These drivers — replacing human employment, and perhaps humans themselves — are, to put it mildly — not visions the public has bought into.

But these internal motivations are drowned out by the marketing AI pitch by which AI is sold to the public: “AI will solve [hunger/the environment/war/global warming]”. This leaves the people not “in the know” about AI progress — 99% of the population — not even thinking to use democracy to direct AI research towards a world the (average) person actually wants to live in.

This is not particularly fair.

Marketed AI vs Profitable AI

To the public, the tech giants selling AI solutions (Google, Microsoft, and Apple) pitch visions of AI for good.

The public face of these advertising campaigns is usually brand advertising, perhaps pitching consumers on a software ecosystem (Android, iOS), but rarely selling any specific product. This makes it easy to sell the public a vision of the future in HDR, backed by inspirational hipster soundtracks.

You all know what I’m talking about — you’ve seen them on TV and in movie theaters — but the imagery is so honed, so heroic, that we should look at the pictures anyway.

Google’s AI will do revolutionary things, like fix farming, improve birthday parties, and help us not walk off cliffs:

Microsoft’s AI is safe. You can tell because this man is looking very thoughtfully into the distance:

But if that is not enough to convince you, here is a bird:

Microsoft goes into detail on their “AI for Good” page. The testimonials highlight the power of AI as applied to:

Environmental sustainability (image recognition of land use, wildlife tracking, maximizing farm yields)
Healthcare (dredging through data to find diseases)
Accessibility (machine translation, text to speech)
Humanitarian action and Cultural Heritage preservation

Even the Chinese search engine Baidu, not exactly known for their humanitarian work, has joined the OpenAI “safe AI” consortium, which is nominally dedicated to developing and selling only safe AI.

The theme among all these public “good AI” initiatives — the sales pitch to the public — is:

“We’re developing advanced AI, but we’re partnering with NGOs, hospitals, and more, to make this AI work for people, not against them.

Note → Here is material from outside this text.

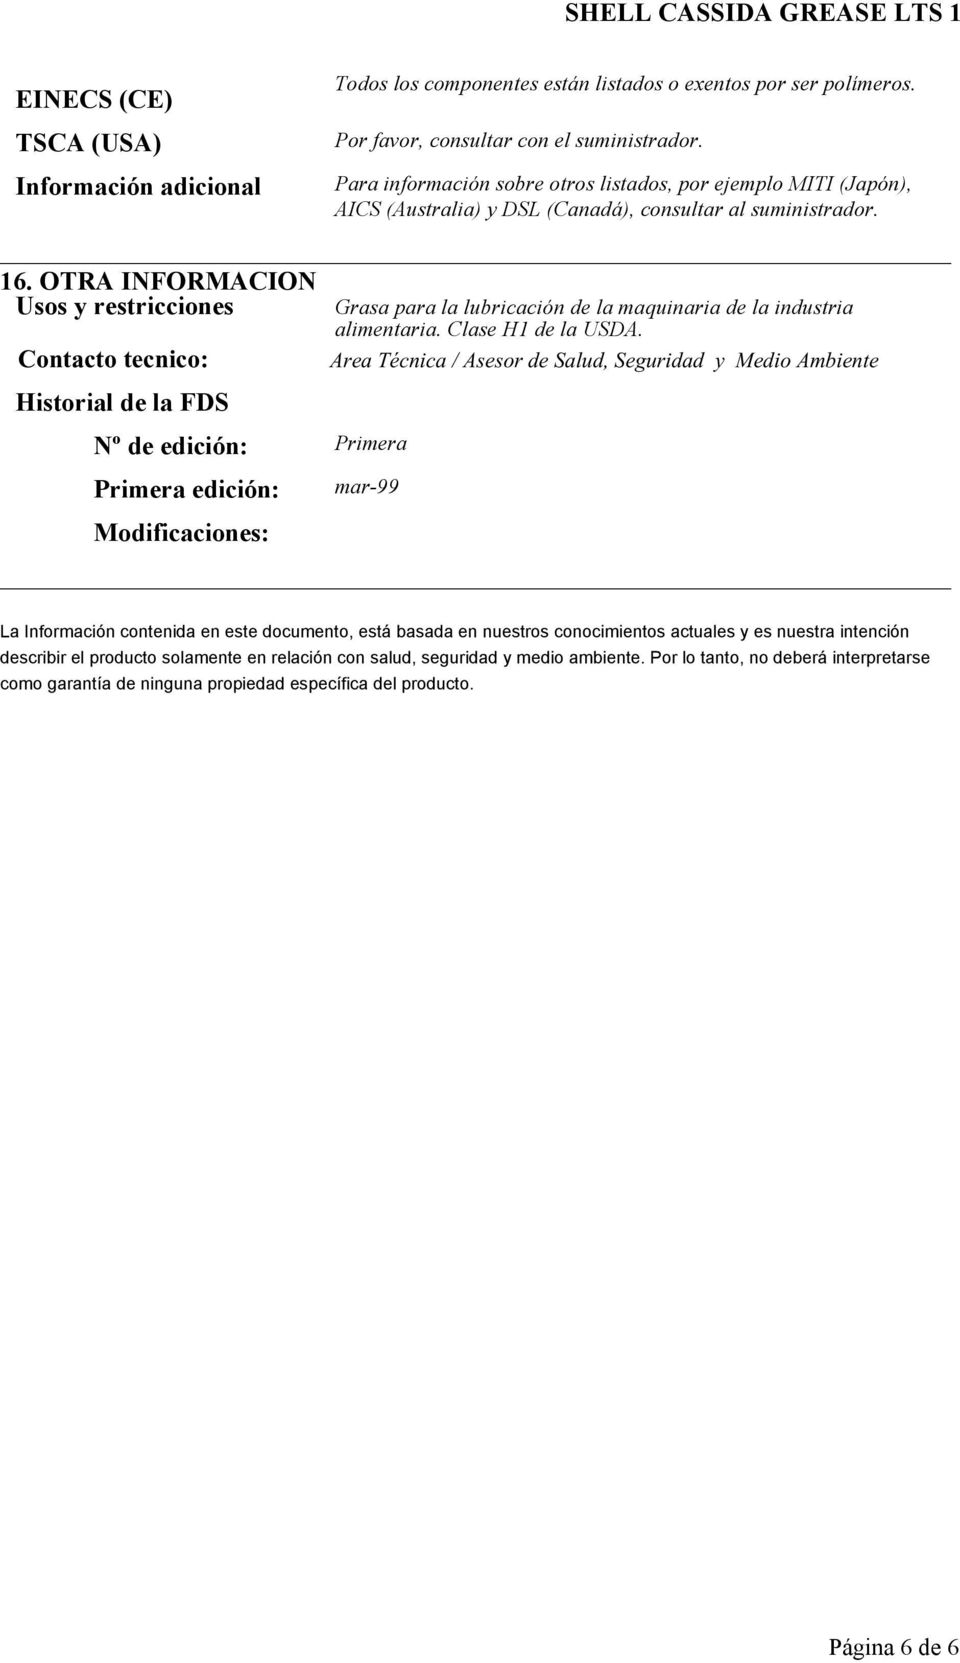 OTRA INFORMACION Usos y restricciones Contacto tecnico: Historial de la FDS Nº de edición: Primera Primera edición: Modificaciones: Grasa para la lubricación de la maquinaria de la industria

Look at all the good we can do!”

This isn’t fake. Microsoft is working with nonprofits, NGOs, and more, to deploy for-the-people AI. But these applications don’t get us closer to the real question:

“What solutions are normal companies actually deploying with AI-as-a-service cloud technology?”

We can peek behind the curtain at Amazon. Amazon’s AWS has been for the last decade synonymous with “the cloud”, and still has a full 50% market share. The bleeding edge of AWS are plug-and-play machine learning and AI tools: Amazon Forecast (machine learning), Amazon Polly (text to speech), Amazon Rekognition (video object recognition), Amazon Comprehend (natural language processing), and more.

And Amazon, alone and refreshingly among tech giants, doesn’t even pretend to care why their customers use AI:

“We certainly don’t want to do evil; everything we’ve released to customers to innovate [helps] to lift the bar on what’s actually happening in the industry. It’s really up to the individual organisation how they use that tech”

Amazon sells AI to C-suites, and we know what the hooks are, because the marketing pitches are online. AWS publishes case studies about how their plug-and-play AI and ML solutions are used by customers.

We can look at a typical example here, outlining how DXC used AWS’s ML and AI toolkits to improve customer service call center interactions. Fair warning: the full read is catastrophically boring — which is to be expected when AI used not to expand the horizon of what is possible… but instead used to excise human labor from work which is already being done:

“DXC has also reduced the lead time to edit and change call flow messaging on its IVR system. With its previous technology, it took two months to make changes to IVR scripts because DXC had to retain a professional voice-over actor and employ a specialized engineer to upload any change. With Amazon Polly, it only takes hours”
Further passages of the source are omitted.